I've thought of this before but today my friend asked me if there was an absolute highest tempreture, it got me thinking...

As a material heats up it's particles start moving faster.
As it cools down they move slower- once they stop the temprature is called absolute zero- about 273degree's.
What happens when you heat somthing up so that the particles are wizzing around at the speed of light? That must be the highest temprature right?
Would there be any realtivistic effects on the material at that temprature...? What would that temprature be..?

Working backwards from what supposedly happened after the big bang...

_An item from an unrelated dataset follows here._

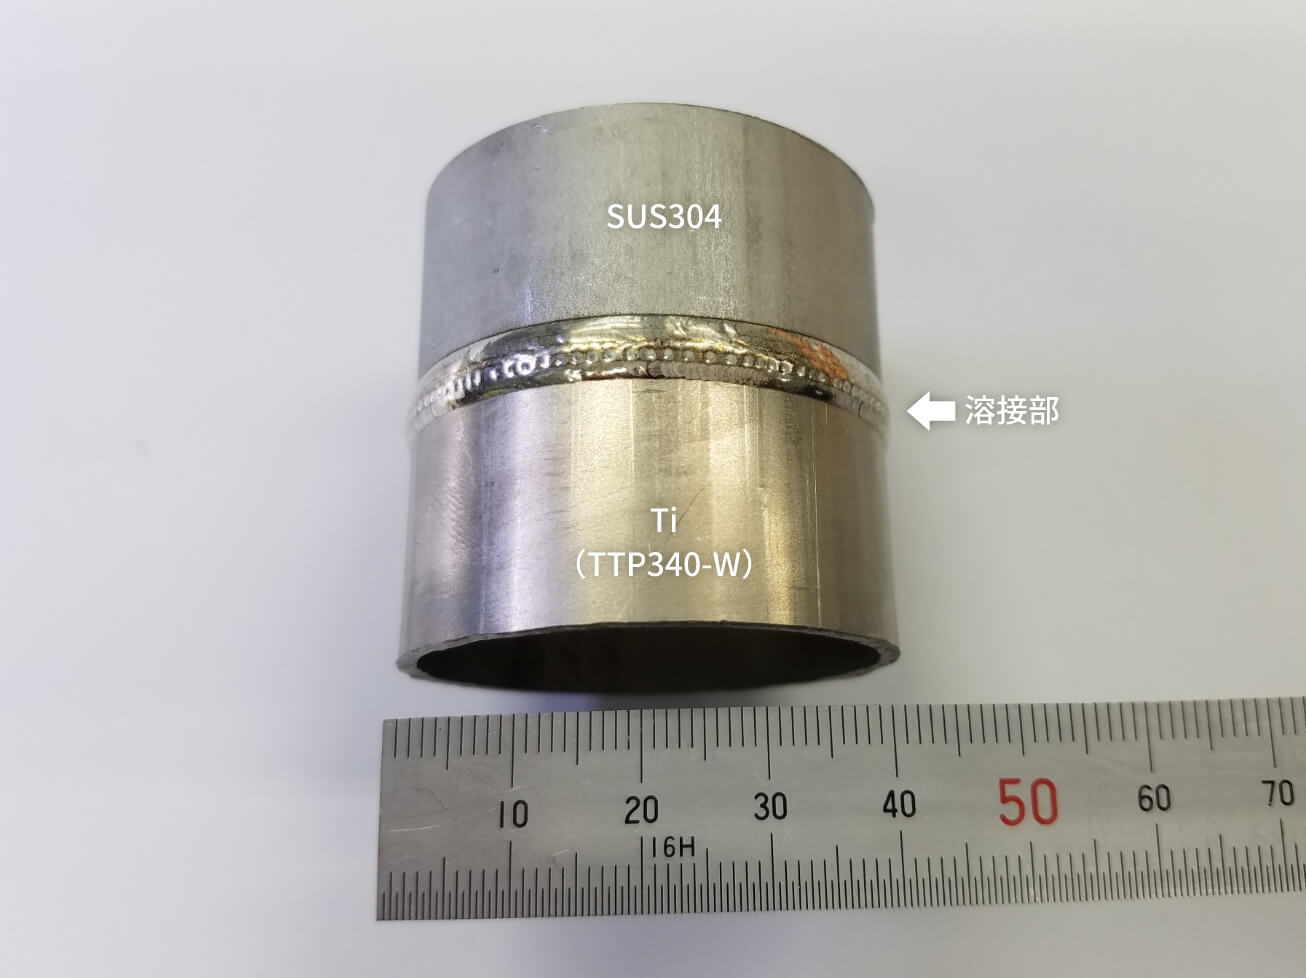 SUS304×Ti合金（TTP340-W）

Wouldn't protons/neutrons split into quarks and whatever else they're made of first? At so many trillions and trillions of degrees?

with regards

What happens when you heat somthing up so that the particles are wizzing around at the speed of light? That must be the highest temprature right?The temperature is related directly to the mean kinetic energy of the particles. We then generally use the nonrelativistic formula relating velocity to kinetic energy to relate temperature to velocity indirectly. If the particles were moving fast enough, we'd have to use the relativistic equation for kinetic energy, and since the energy of the particles increases without bound as they approach ever closer to the speed of light, the temperature would also increase without bound.

Conveniently, I ran some numbers recently on this sort of idea for dirkbontes in this thread (http://www.bautforum.com/showthread.php?p=569185#post569185); he was thinking that intergalactic gas could be moving relativistically and that the resulting mass increase could account for dark matter. You can see the temperatures that would result from hydrogen gas with particles moving very close to the speed of light.

There should be some sort of maximum temperature in practice; if all the matter except one particle (a proton, for instance) in the observable universe were annihilated, and all that energy were imparted to that one single particle;

then that particle would attain the highest possible temperature in our universe.
Of course there would be no way to measure that temperature- as all the thermometers would have been converted into energy; but it should be calculable.

There should be some sort of maximum temperature in practice; if all the matter except one particle (a proton, for instance) in the observable universe were annihilated, and all that energy were imparted to that one single particle;

then that particle would attain the highest possible temperature in our universe.
Of course there would be no way to measure that temperature- as all the thermometers would have been converted into energy; but it should be calculable.

There is a bound well before that which is reached in heating material (i.e. sidestepping the borderline philsophical debate as to whether the early Universe could have gone thorugh a hotter phase) - the Hagedorn temperature, where energy loss through production of particle/antiparticle pairs throttles further heating. I seem to recall it's of order 10^10 K.

Hmm. According to this article (http://www.cerncourier.com/main/article/43/7/18), one can think of this as a melting point for hadrons into quark matter, and rapid enough heating can cause the quark motions to increase, so it's not as absolute as it once looked.

The standard hot big bang model proponents posit that the hot big bang was initiated by a quantum fluctuation. If we assume that the current physical (much larger than the observable) universe is contained within a Euclidian 3-space sphere of a diameter of 75 billion light years and were able to compute the total energy of all the particles and photons when the rest mass of the particles is multiplied by c^2, we could arrive at an enormous number of joules. Using E = Planck's constant multiplied by the primal frequency as a defining equation and solving for frequency by plugging in the value for total energy computed in the second sentence above, we will have wrapped up the total energy of the universe in the equivalent of a single photon of exceedingly high frequency very near the moment of initiation (before it's shattered by the Quantum Fluctuation) of the hot big bang. If we convert this hypothetical (I don't really believe there was one) frequency to temperature, what would that temperature be?

E = ? = (planck's constant)*(speed of light)/(wave length of primal photon) = (primal energy in eV).
(Wave length of primal photon) = (speed of light)/(frequency of primal photon).
One degree kelvin = 8.62 * 10^-5 eV.

Once we guess at the value of E computed as suggested in the second sentence, we have a good start on computing the highest temperature that may have been actually reached equivalent to that of the primal photon.

There is a bound well before that which is reached in heating material (i.e. sidestepping the borderline philsophical debate as to whether the early Universe could have gone thorugh a hotter phase) - the Hagedorn temperature, where energy loss through production of particle/antiparticle pairs throttles further heating. I seem to recall it's of order 10^10 K.

Hmm. According to this article (http://www.cerncourier.com/main/article/43/7/18), one can think of this as a melting point for hadrons into quark matter, and rapid enough heating can cause the quark motions to increase, so it's not as absolute as it once looked.
If mass of any object increases high enough due to relativity, the object will collapse into a black hole. Perhaps the temperature at which individual quarks become black holes is the highest attainable temperature.